Both houses gave final approval to the plan as the 18th special session of the Nevada Legislature wrapped up business shortly before 4:30 a.m.
“This is fantastic,” said John Yacenda of the State of Nevada Employees Association. “It’s going to eliminate the anxiety a lot of employees feel right now.”
The program was rescued in 1999 by a $26 million cash infusion to cover losses caused by rising costs and the collapse of L&H, the benefit plan’s administrator.
The program seemed better financially by the time the 2001 session opened, so Guinn and lawmakers agreed to spend down some $17 million of the plan’s reserves rather than increase premium rates. They reduced the state-paid premium for health coverage by 3 percent per employee.
Since then, PEBP Director Woody Thorne says, the plan has been hit by rising costs and more major claims than expected — including more than 20 liver transplants since the last legislative session.
The situation was further aggravated when UICI, the plan’s new administrator, fell behind in processing those claims. That, according to Thorne, prevented his staff from seeing the true impact of the rising costs. When UICI began to catch up on those claims, he said, much of the plan’s reserves disappeared.
Budget Director Perry Comeaux told the Senate that without a premium increase, the program “will have exhausted their reserves by the end of this calendar year.”
“Something has to be done and if something isn’t done, the only other place the program can go is to the participants,” Comeaux said.
The legislation drafted by the governor called for an increase in the state-paid premium of $81.28 per employee per month. It would also mandate an increase of $46.05 in the state share of premiums for retired state workers.

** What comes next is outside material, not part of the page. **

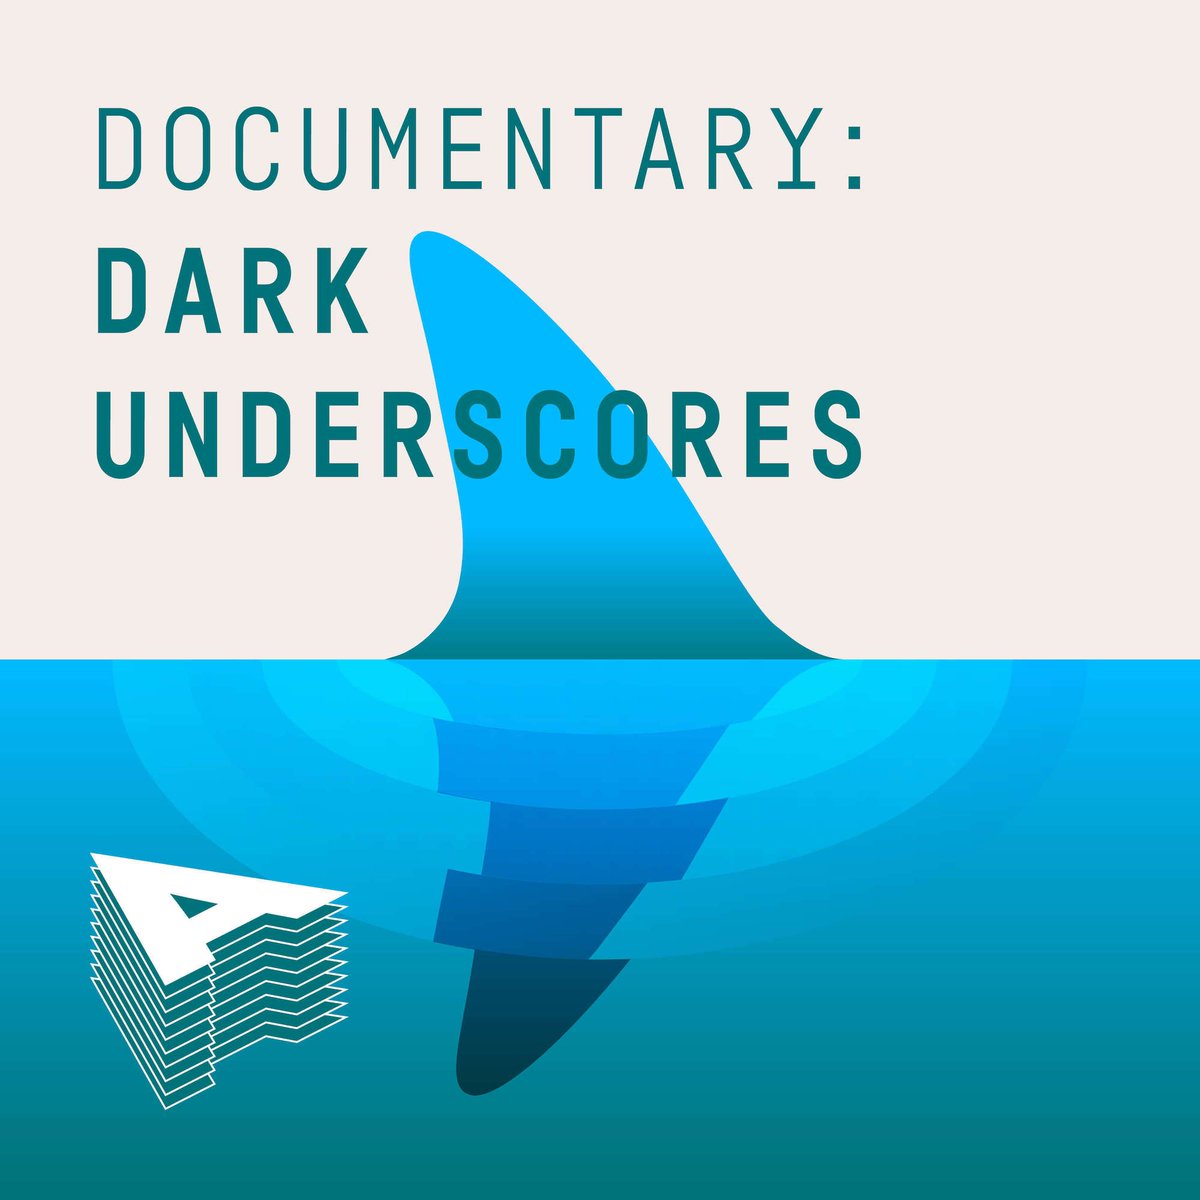 Very pleased to see that @BMGPM_UK have released the Dark Underscores album I co-composed. Fitting for this dark and dingy June afternoon! #librarymusic

But as proposed, it would also have required increases of about 20 percent in the premiums employees pay to cover their families.
Amodei said neither retirees nor workers covering their families should have to pay more, and a majority of the Senate agreed.
The Assembly Ways and Means Committee voted to begin the higher state premiums Oct. 1 instead of Jan. 1. Giunchigliani said that would allow PEBP managers to either build up reserves or use the money to prevent further reductions in benefits.
They combined those ideas in an amendment designed to ensure that employees don’t see premium increases they must pay while preventing major benefit cuts.
But lawmakers will have to make up the extra costs when the next legislative session begins because Guinn’s request to the Legislature orders state agencies find the money to pay for the increases out of their existing budgets.
Altogether, it will cost about $18 million to make up the costs to agencies over the next six months. It could cost $20 million more to make the plan solvent after that.
Giunchigliani said rather than bailing the plan out every four years, lawmakers need to look at other solutions, including privatization. She said the bill directs PEBP to explore the possibility and feasibility of privatizing the plan to improve benefits and stabilize it financially and report those options to the 2003 Legislature.
The governor is expected to sign the legislation this week.